____ Provided data

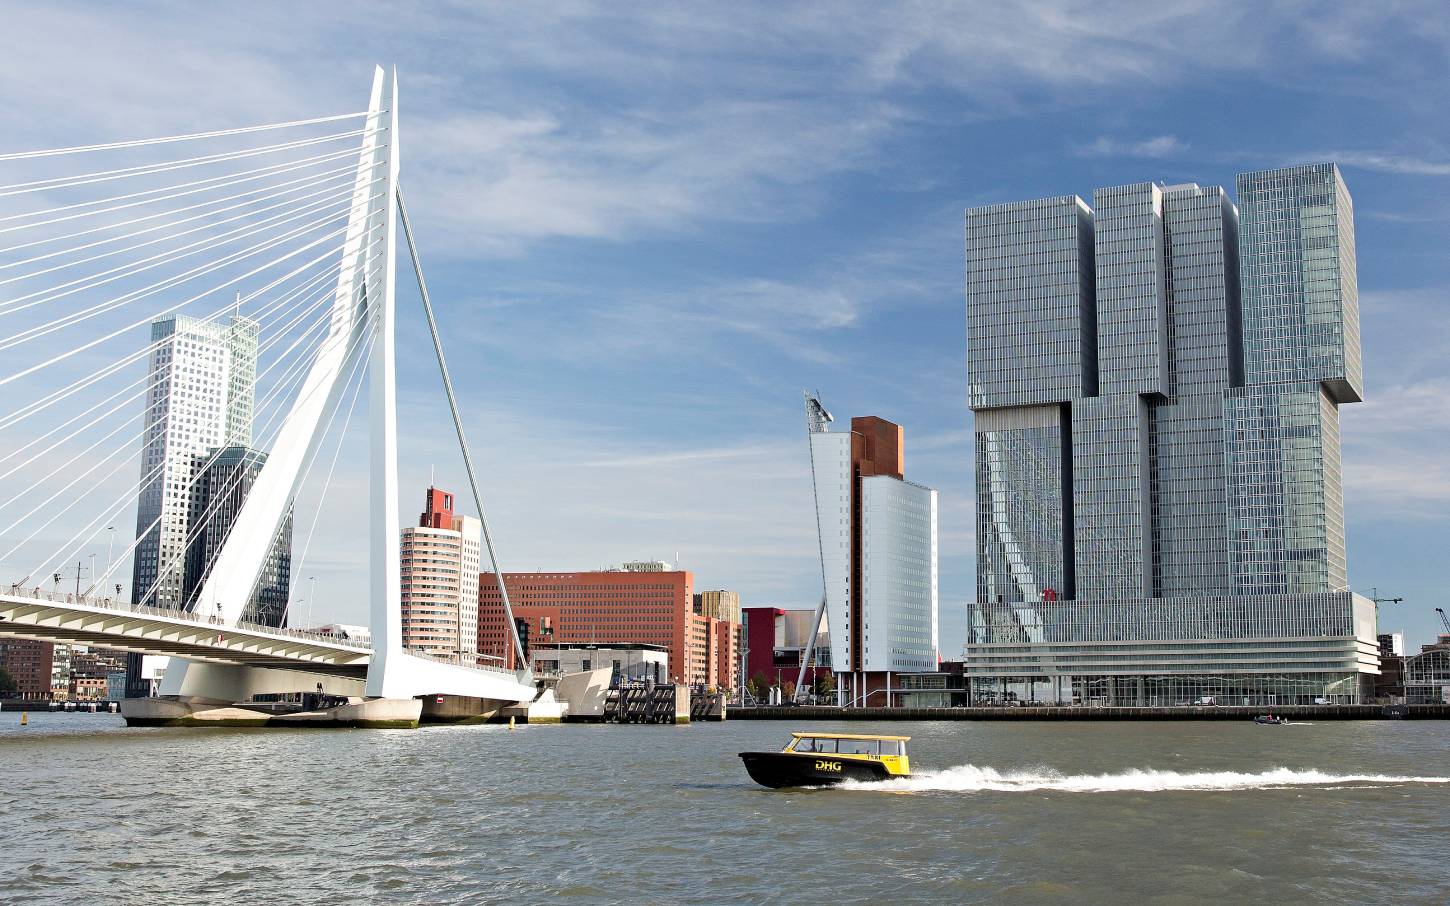 Skyline of Rotterdam with buildings and the Erasmus bridge. 
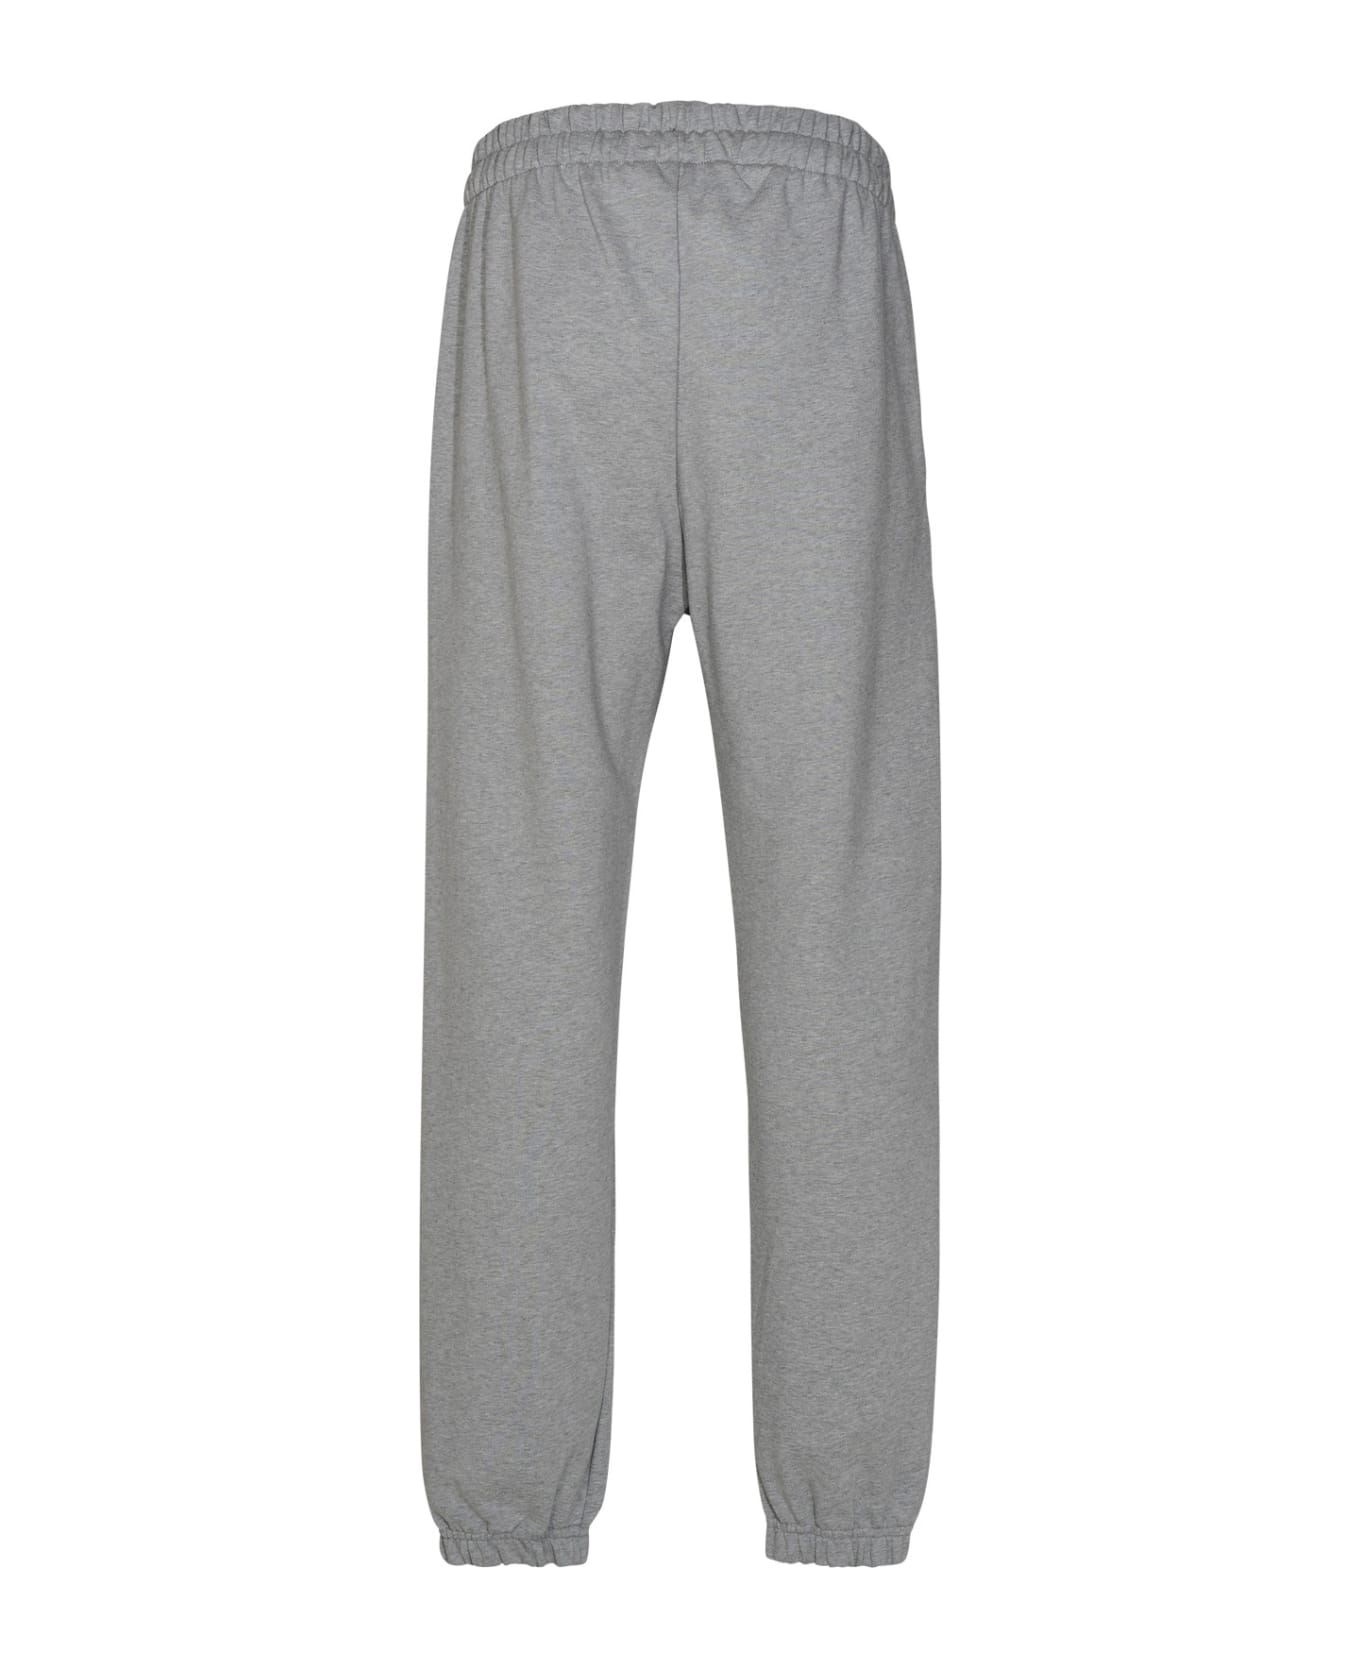 GCDS Grey Cotton Track Pants - Grey
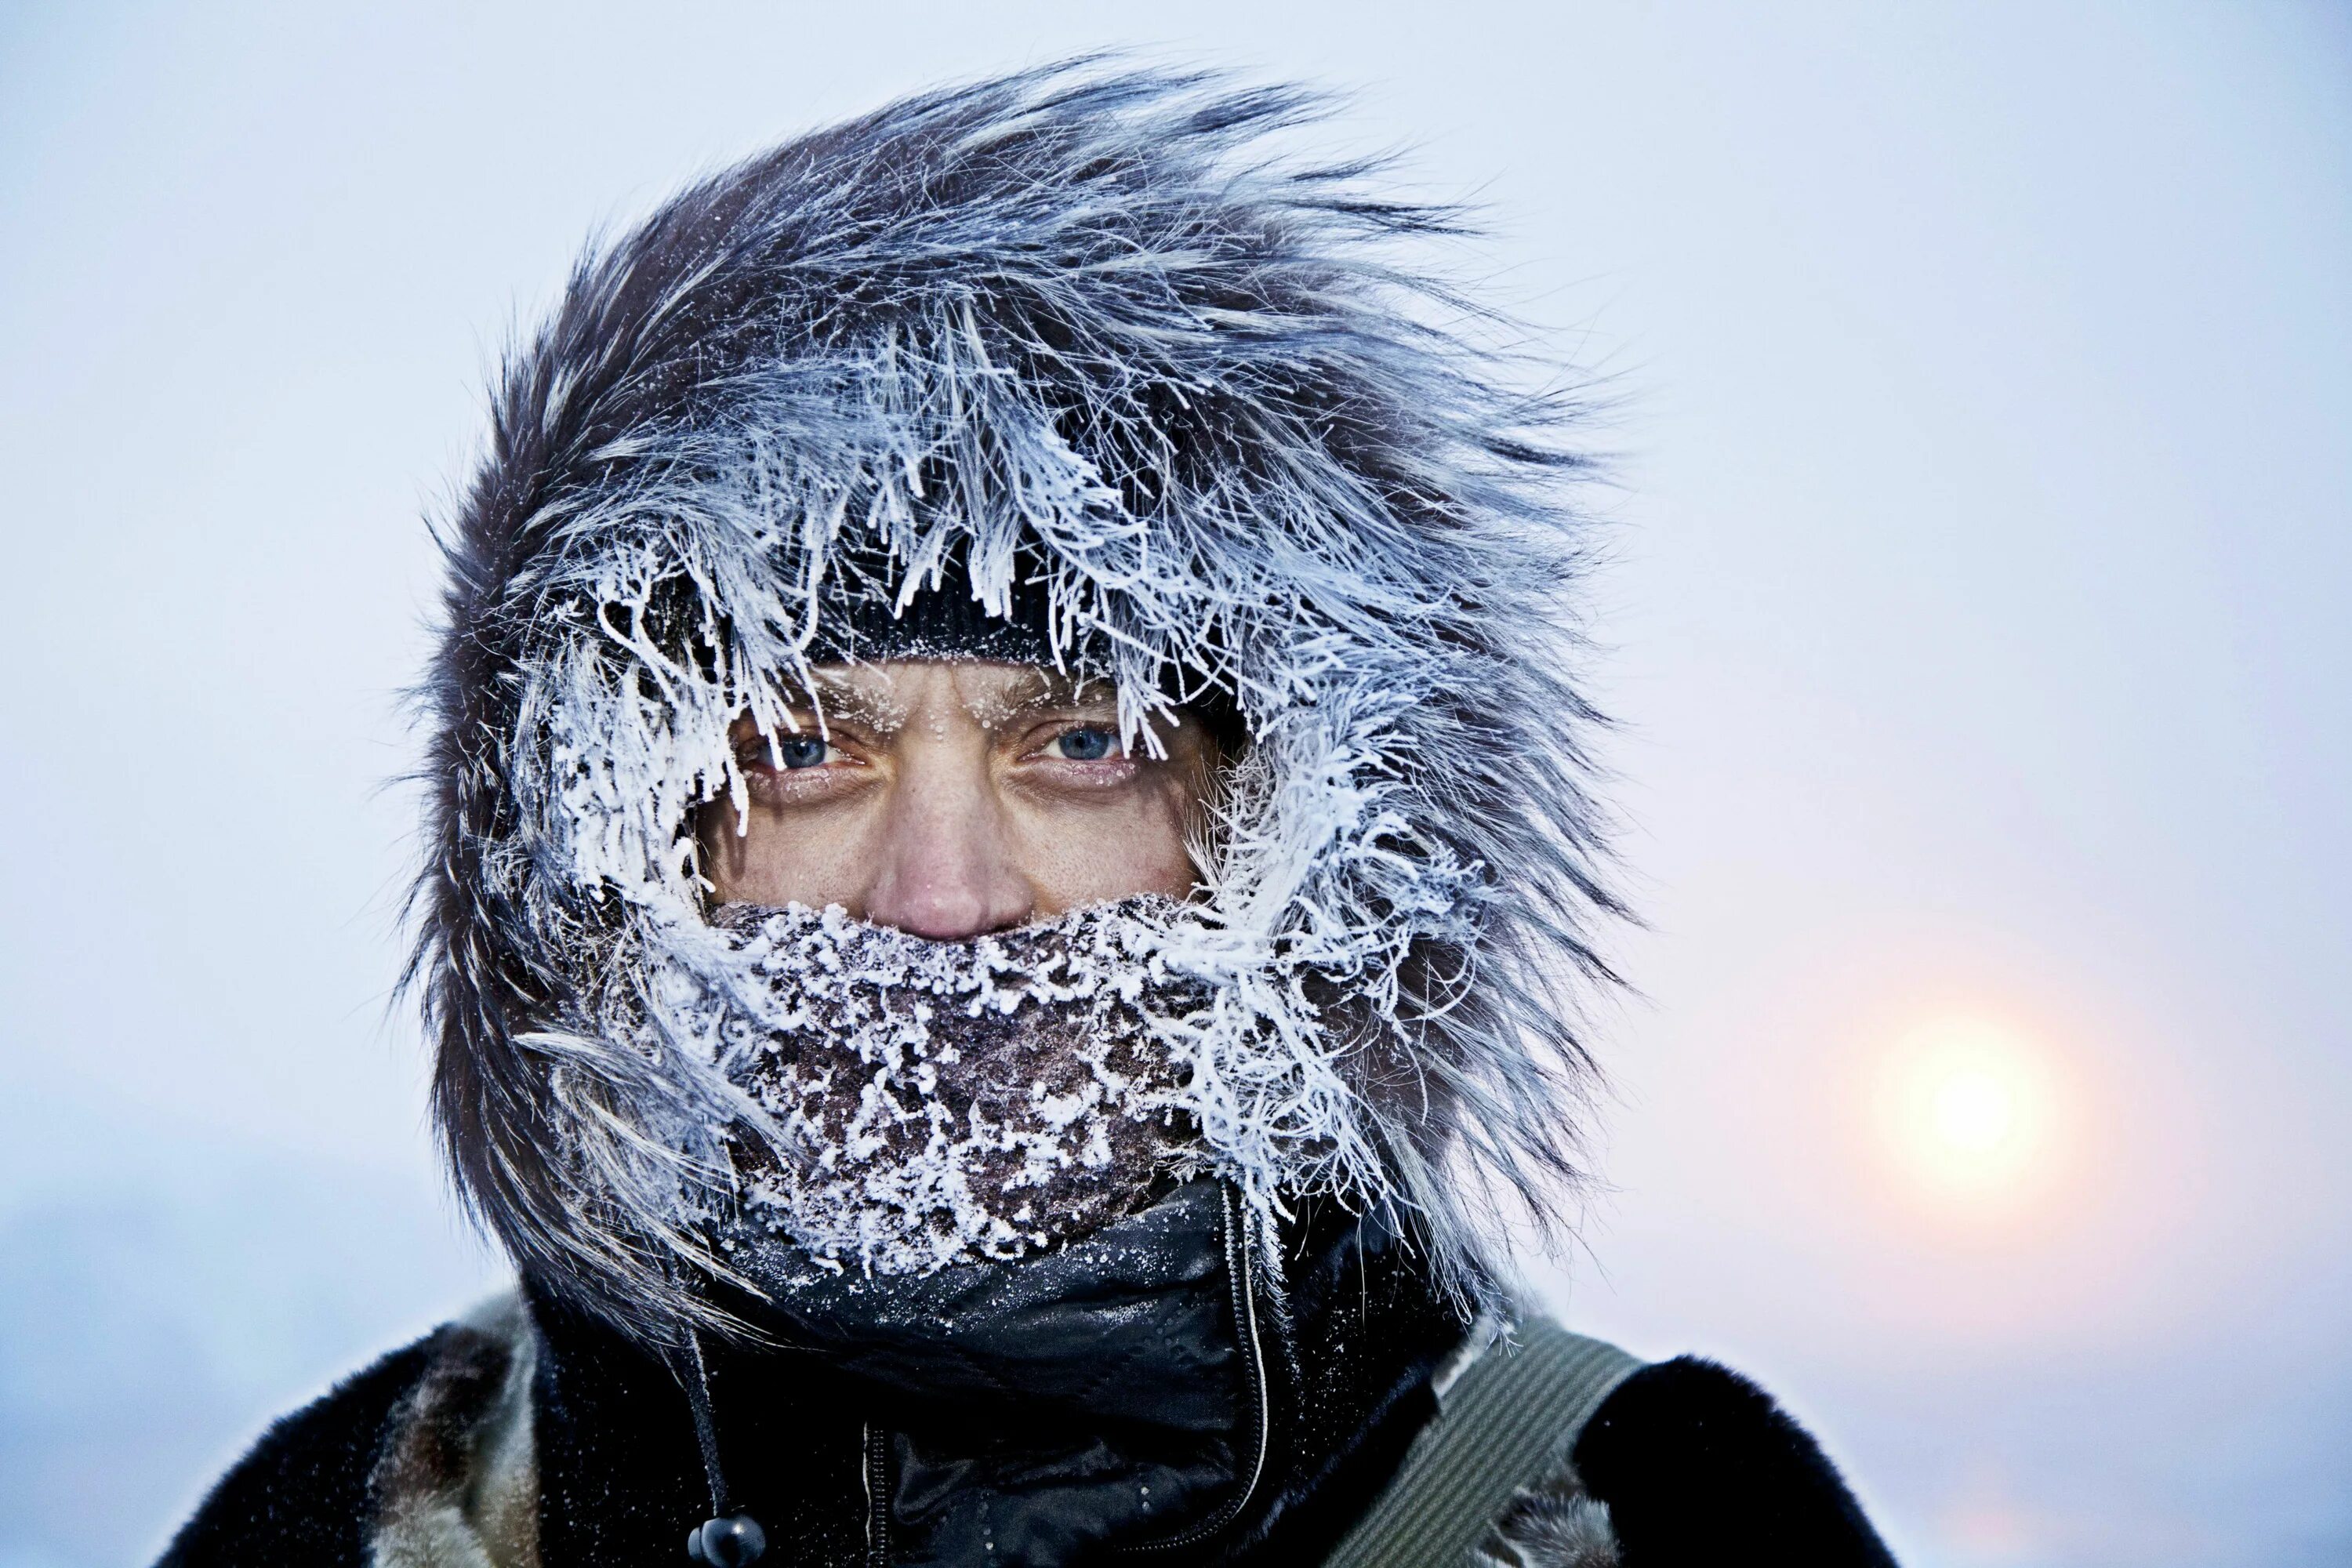 Russia winters are cold. Иней на лице. Люди зимой. Человек в снегу.

________

■ **Task directions**
Pictures are not part of the copy. Reproduce the lines from the one with "GCDS Grey Cotton Track Pants - Grey" through the end of the listing above.

■ **Answer area**
 GCDS Grey Cotton Track Pants - Grey
 Russia winters are cold. Иней на лице. Люди зимой. Человек в снегу.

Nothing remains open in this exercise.